The article also implies that shelters are doing something wrong by taking in dogs from other countries. Don't dogs from other countries deserve a chance at a good home in the U.S.? 

I laughed when I read that the author wrote that Puerto Rico sends dogs into the U.S. Puerto Rico is part of the U.S. My local shelter takes dogs from places all over the country where they are less likely to be adopted because they have a better chance of being adopted here. That's a good thing, right?

The real problem is not breeders, but people who don't spay/neuter their dogs. It is the unexpected litter which causes dogs to end up in shelters. Responsible breeders will not breed more dogs than they can sell.


----------



## llombardo (Dec 11, 2011)

Zookeep said:


> The article also implies that shelters are doing something wrong by taking in dogs from other countries. Don't dogs from other countries deserve a chance at a good home in the U.S.?

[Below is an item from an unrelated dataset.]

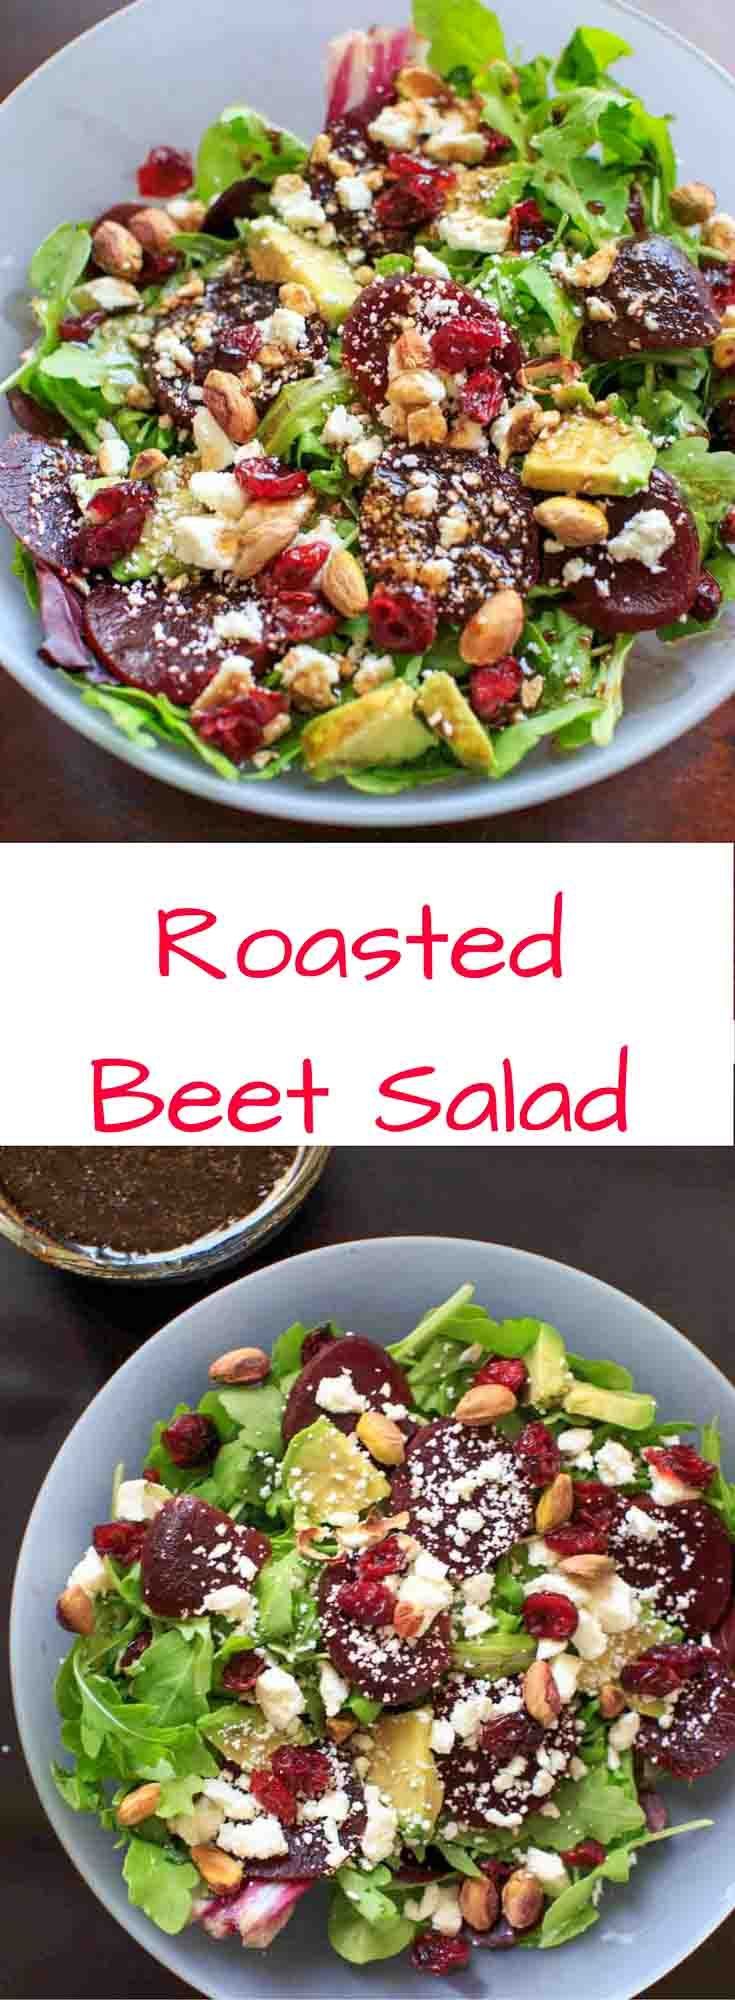 Roasted Beet Salad with Honey Balsamic Vinaigrette. A flavorful and healthy salad that is anything but boring!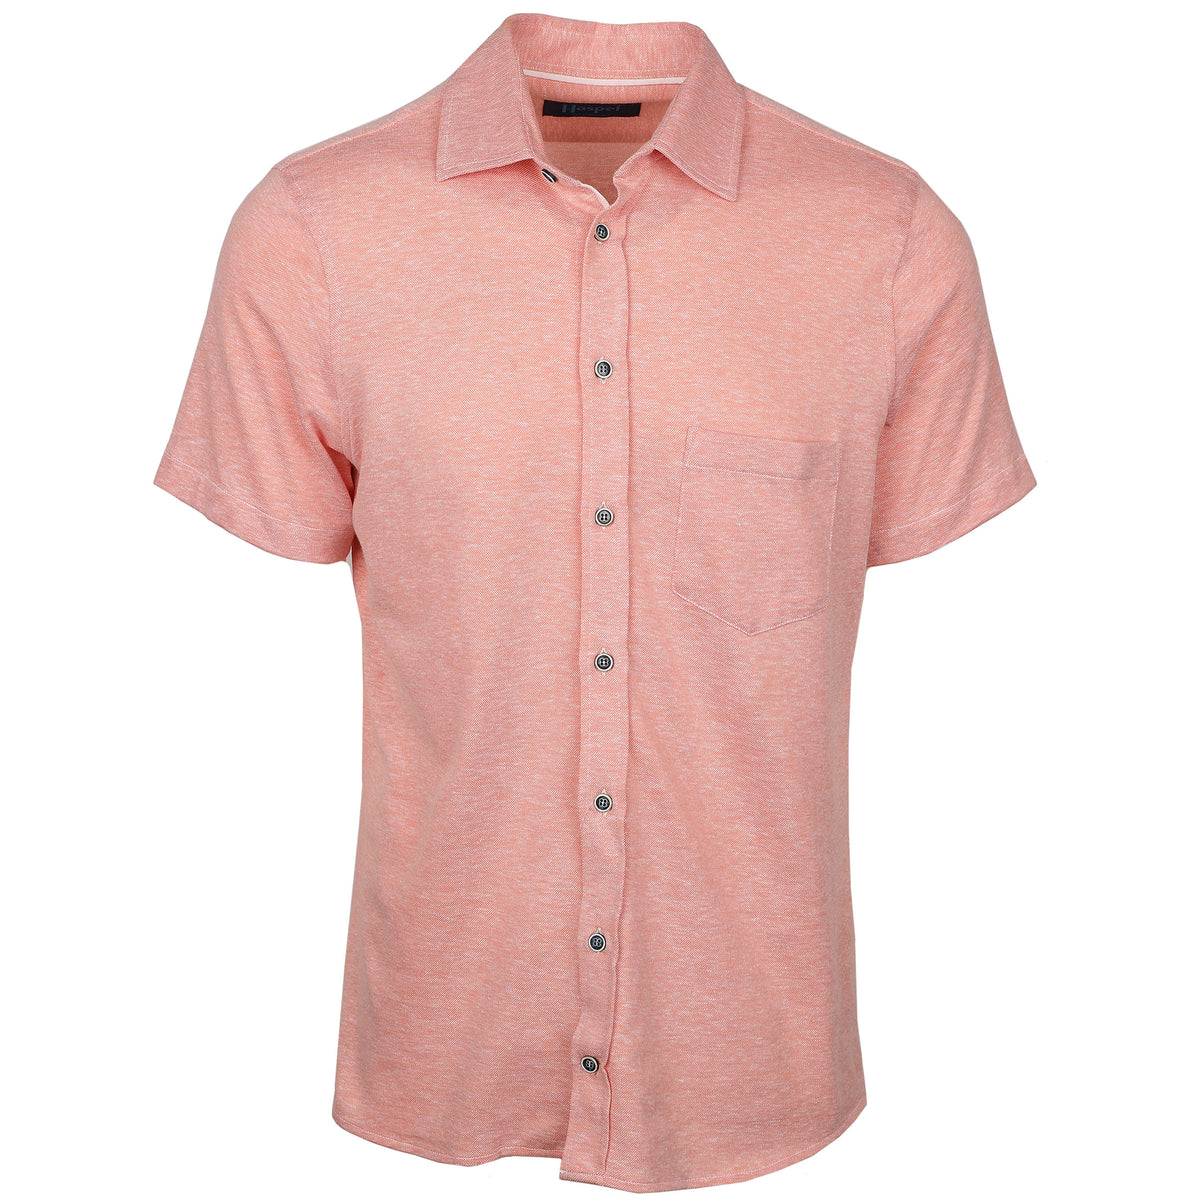 Introducing the Capri Tangerine Full Placket Short Sleeve Knit Shirt - designed for lasting comfort and style. Its lightweight fabric provides breathability, while buttons down the front offers a modern, tailored look. Versatile enough for the office or weekend, this shirt is sure to be a warm weather wardrobe staple.  100% Cotton • Full Plackett • Left Chest Pocket • Imported

I didn't read the article and I don't have a problem helping any dog from anywhere, but it might not be a bad idea to start here. With so many homeless dogs here, it really doesn't make sense to not help them first. Its the same thing with starving people in other countries, what about the people here? In a perfect world we can help them all, but in reality we can't save them all.


----------



## PatchonGSD (Jun 27, 2012)

Very interesting read. While I am blessed with a great rescue GSD, there is absolutely nothing wrong with wanting to purchase a dog with a pedigree, known history, health guarantee, and that was bred exactly for what you want.


----------



## Zookeep (May 17, 2012)

llombardo said:


> I didn't read the article and I don't have a problem helping any dog from anywhere, but it might not be a bad idea to start here. With so many homeless dogs here, it really doesn't make sense to not help them first. Its the same thing with starving people in other countries, what about the people here? In a perfect world we can help them all, but in reality we can't save them all.


The dog whose life is saved does not know or care which country it came from.


----------



## llombardo (Dec 11, 2011)

PatchonGSD said:


> Very interesting read. While I am blessed with a great rescue GSD, there is absolutely nothing wrong with wanting to purchase a dog with a pedigree, known history, health guarantee, and that was bred exactly for what you want.


I agree 100%, but I openly admit that everytime I start looking at breeders for my male GSD(in the future), I end up looking at rescues instead. All I want is a pet, I'm willing to work the dog if its able, but its not that important to me. I'm looking for a companion that can go where I go, enjoy life with me. I also like a challenge, which going the rescue route is ALMOST a guarantee. Down the road I can say that I did good by the dog and the dog turned into what I wanted. My oldest is a rescue that was returned 3 times by the time she was 10 months, I still can't figure it out. I did spend the first couple years trying to stay one step ahead of her, she is by far the smartest dog I've ever owned


----------



## llombardo (Dec 11, 2011)

Zookeep said:


> The dog whose life is saved does not know or care which country it came from.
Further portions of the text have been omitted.